A new distillery from Silverton is already winning medals in national competitions

Emily Teel
Statesman Journal
Award-winning Silverton Vodka, Gallon House Gin, Üla Orange Liqueur at Abiqua Spirit Distillery in Silverton, pictured on May 1, 2019.

The first liquor Abiqua Spirit Distillery produced commercially won a gold medal. 

Silverton Vodka, a tall bottle with an understated, cream-colored label that features a  1890 photo of downtown Silverton, won gold in the American Distilling Institute's annual competition. The largest of its kind in the U.S. focused on craft distillers, ADI only awarded 2019 gold medal scores to three non-flavored vodkas. 

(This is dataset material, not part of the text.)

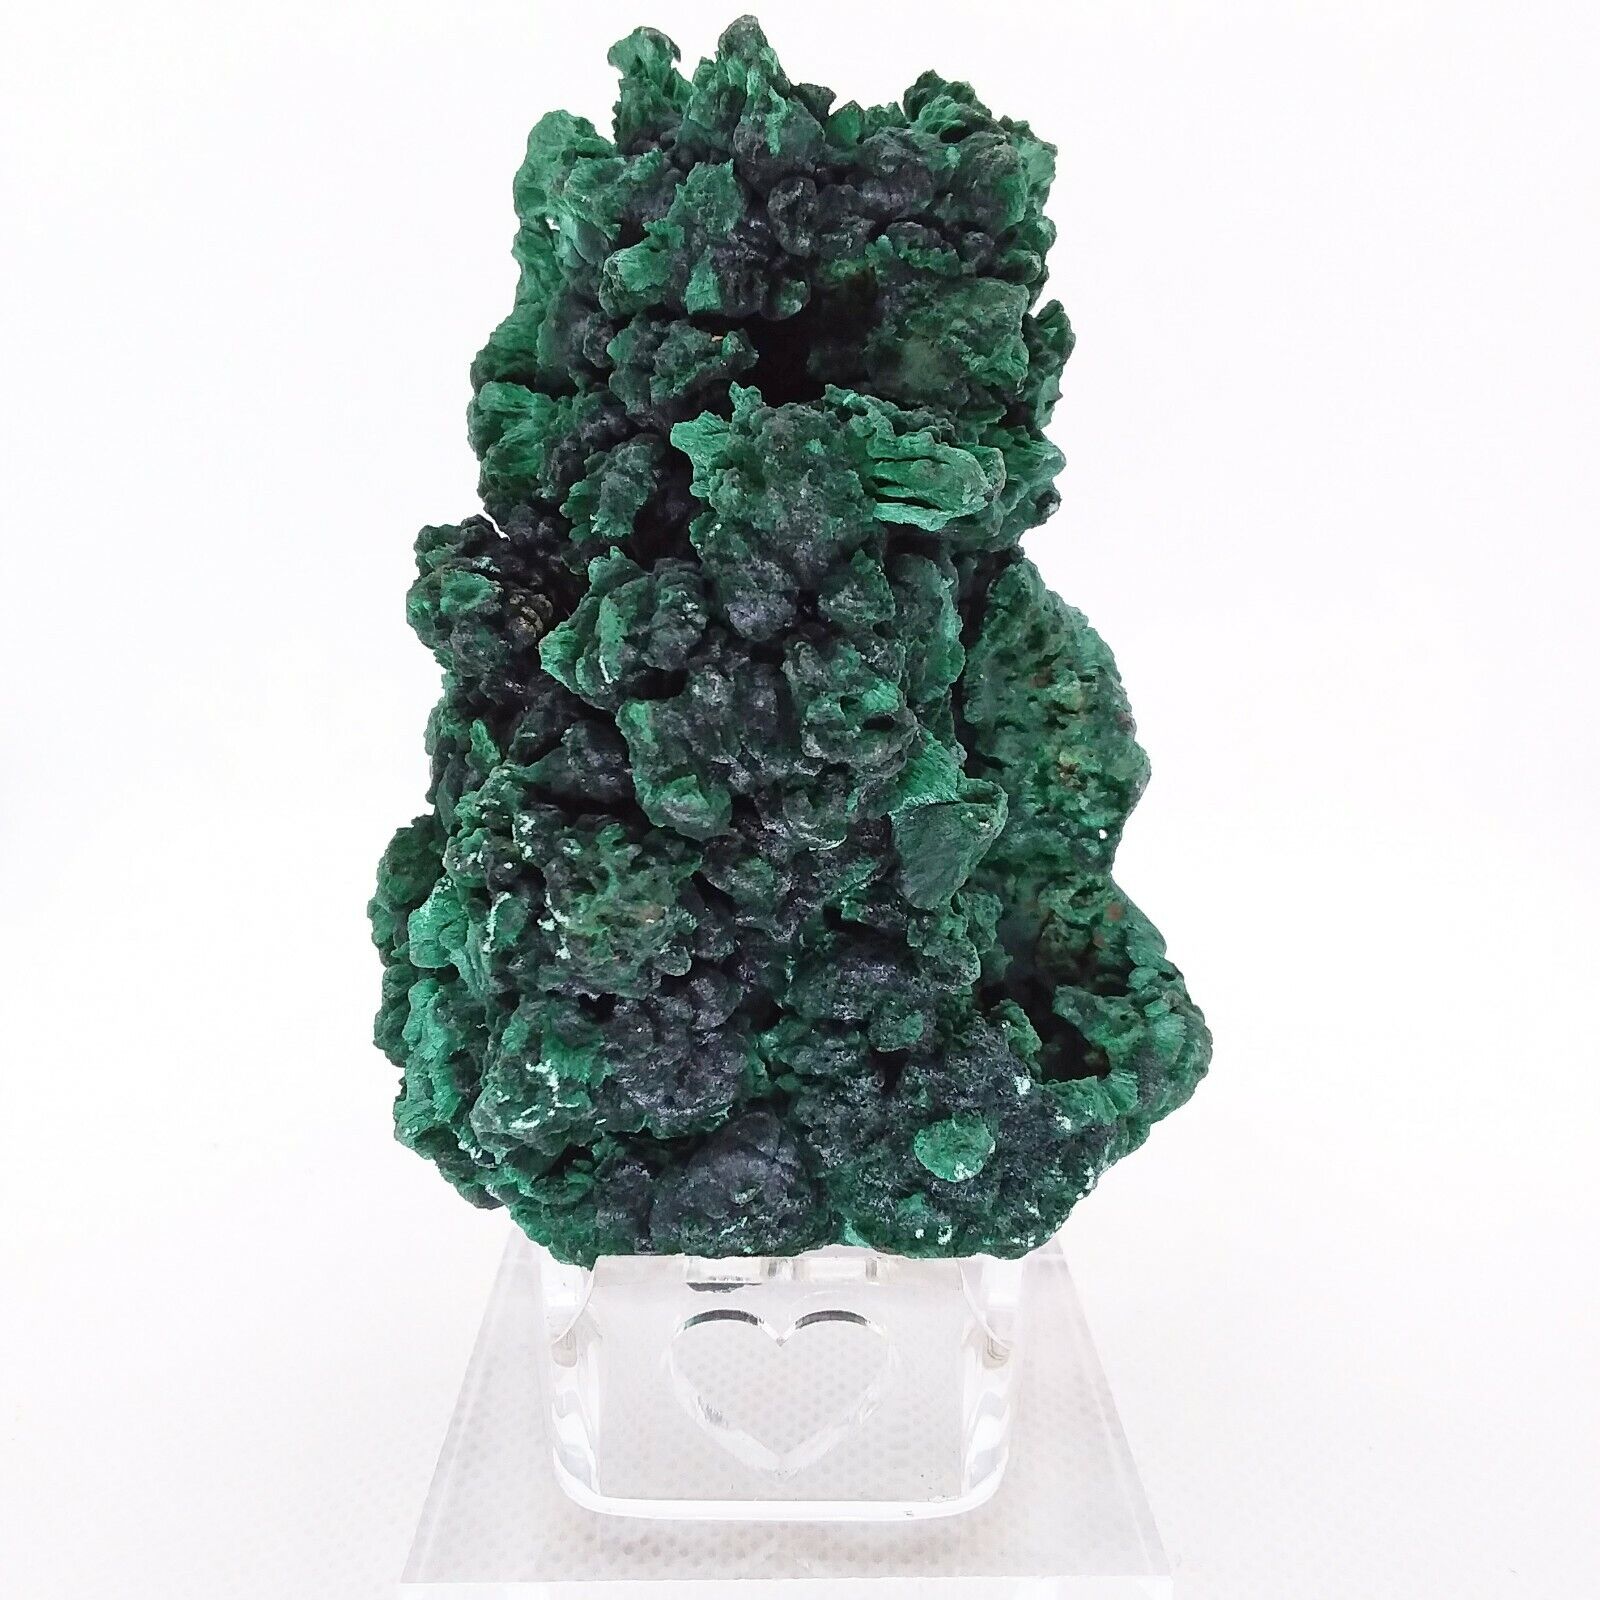 Malachite, fibrous, plumes, natural, specimen, display, mineral, green, #R-2597

"That's a pretty big step after only having been in business for four months," said  founder Adam Messick. 

In the works since 2014, Abiqua officially began selling their first product in October 2018. 

In late March, after the ADI win, Silverton Vodka won again, and it wasn't alone. Judges at the San Francisco International Spirit Competition awarded all three of Abiqua's liquors – Silverton Vodka, Gallon House Gin, and Üla Orange Liqueur – silver medal scores. 

These wins affirmed Abiqua's quest to make the best-possible small batch spirits. Now, the six-person family business is working to introduce Oregon to these homegrown award winners, find a home for a tasting room, and decide what their next batch will be.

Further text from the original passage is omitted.